第12話 あなたのために

 突然の訪問にも関わらず、三方原くんの母はすんなりと家に上げてくれた。

 三方原くんの母が言うには、三方原くんは冬休み中ずっと部屋にこもっているらしい。

 私は三方原くんの部屋をノックし名前を呼んでみる。すると「……誰」と今にも消え入りそうな返事が返ってきた。


「あの、同じクラスの桜庭だけど……三方原くん、入ってもいいかな……?」


 そう訊ねると、三方原くんは間髪入れずに「やめた方がいいよ」と答えた。


「どうして……?」


「僕に関わると死ぬから……」


「あんなのただの噂だよ。……入るね?」


 私は三方原くんの返事も聞かずドアを開けて部屋に入った。

 部屋の隅、ベッドの上で小さくなっている三方原くんを見つけた。

 私が一番恐れていた、自殺をしたような形跡が一切なかった安堵で、「よかった……」と声を漏らし小さく笑顔を向けた。

 けど三方原くんは私の方に視線すら向けずに「出てって……」と呟くように言う。


「亡くなったのはきっと偶然だから。噂に惑わされちゃダメだよ」


 ベッドに腰を下ろして、三方原くんの手を握る。

 自分でも積極的な行動をしてると思う。手を握るなんて、もっとちゃんと仲良くなってからじゃないとダメなのに……

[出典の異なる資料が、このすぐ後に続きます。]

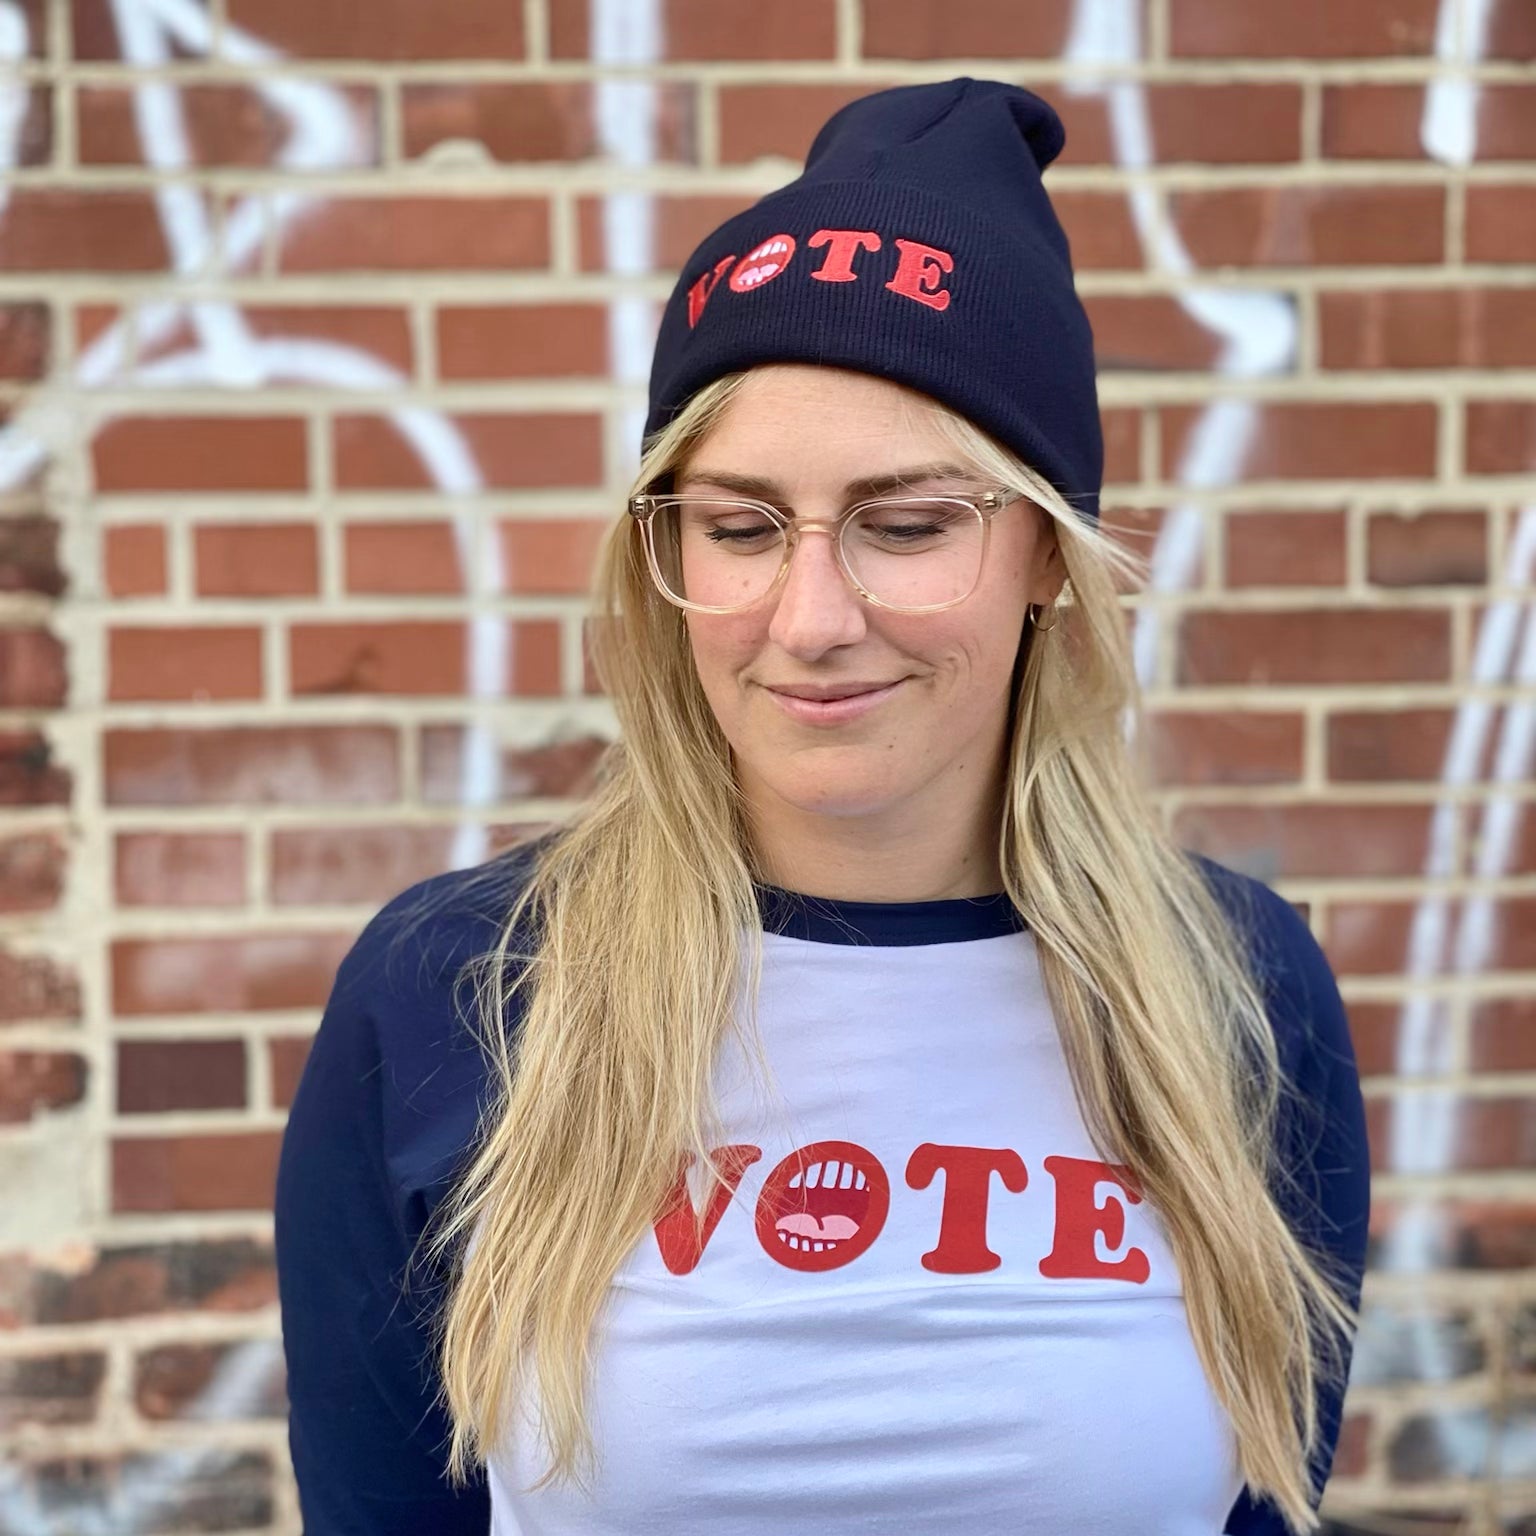 Blonde woman wearing vote beanie and vote raglan

 三方原くんは振り払おうとしない。だから私はずっと手を握ったままでいた。


「前に図書室でさ、辛かったら頼ってって言ったの、覚えてる?」


「……覚えてる。でも桜庭さんに頼ったら、今度は桜庭さんが死ぬかもしれない……僕なんかに関わらせて不幸にしたくない……」


「私は不幸になんてならないよ。だって……」


 私はその先の言葉を言おうとしたけどやめた。


「あのね、私は三方原くんと話してるだけで幸せだよ? 友達のいない私に声をかけてくれてすごく嬉しかったんだよ?」


「それは桜庭さんが怪我してたから……」


「私は三方原くんに救われた。だから、三方原くんが辛い時少しでも力になりたい。そばにいさせて。……頼りないかもしれないけど……それでも私を頼ってほしい」


「でも……」


「わ、私は……三方原くんのことが大好きなの! 三方原くんがなんと言おうと、私にとって三方原くんが大切なの!」


 意を決して私はそう叫んだ。顔はきっと耳まで真っ赤だったと思う。夏かと思うくらい顔が熱かったから。

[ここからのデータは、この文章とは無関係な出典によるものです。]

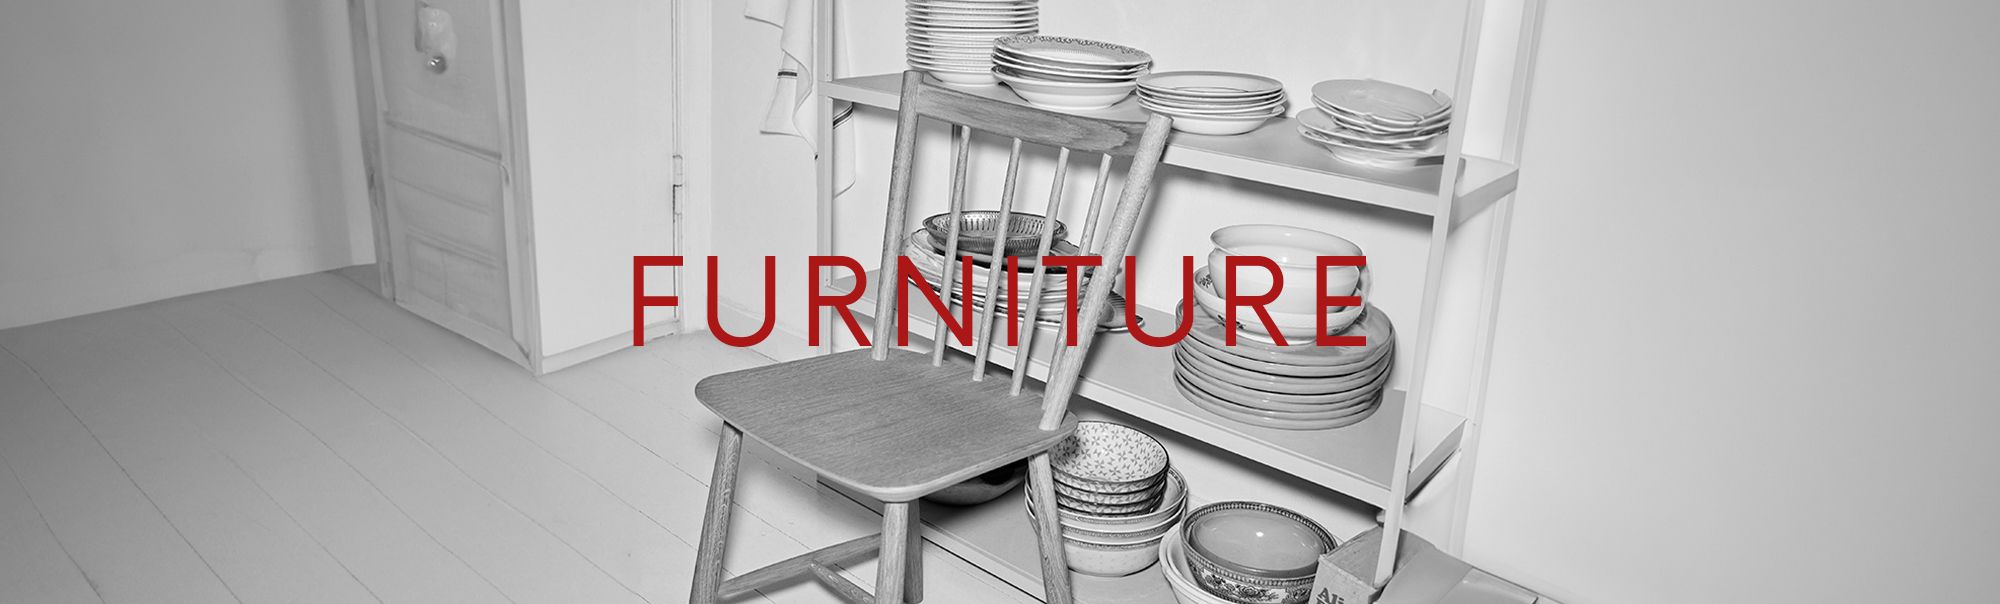 Furniture Sale at Byflou.com

 三方原くんの反応はどうだったんだろう。恥ずかしくてまっすぐ顔を見れなかったから分からない。私は三方原くんの返事を待つ。


「……ありがとう。すごく嬉しいよ……」


 涙声だった。溜め込んでいた感情が溢れた三方原くんが落ち着きを取り戻したあと、私は三方原くんの母に声をかけた。お茶を用意してもらい部屋まで持っていく。

 二人でお茶を飲みながら話をした。三方原くんが溜め込んでいた心の内に押し込んだ感情を全て打ち明けてもらった。

 それからしばらくして、ずっと眠れていなかったせいもあって、三方原くんは眠りに落ちた。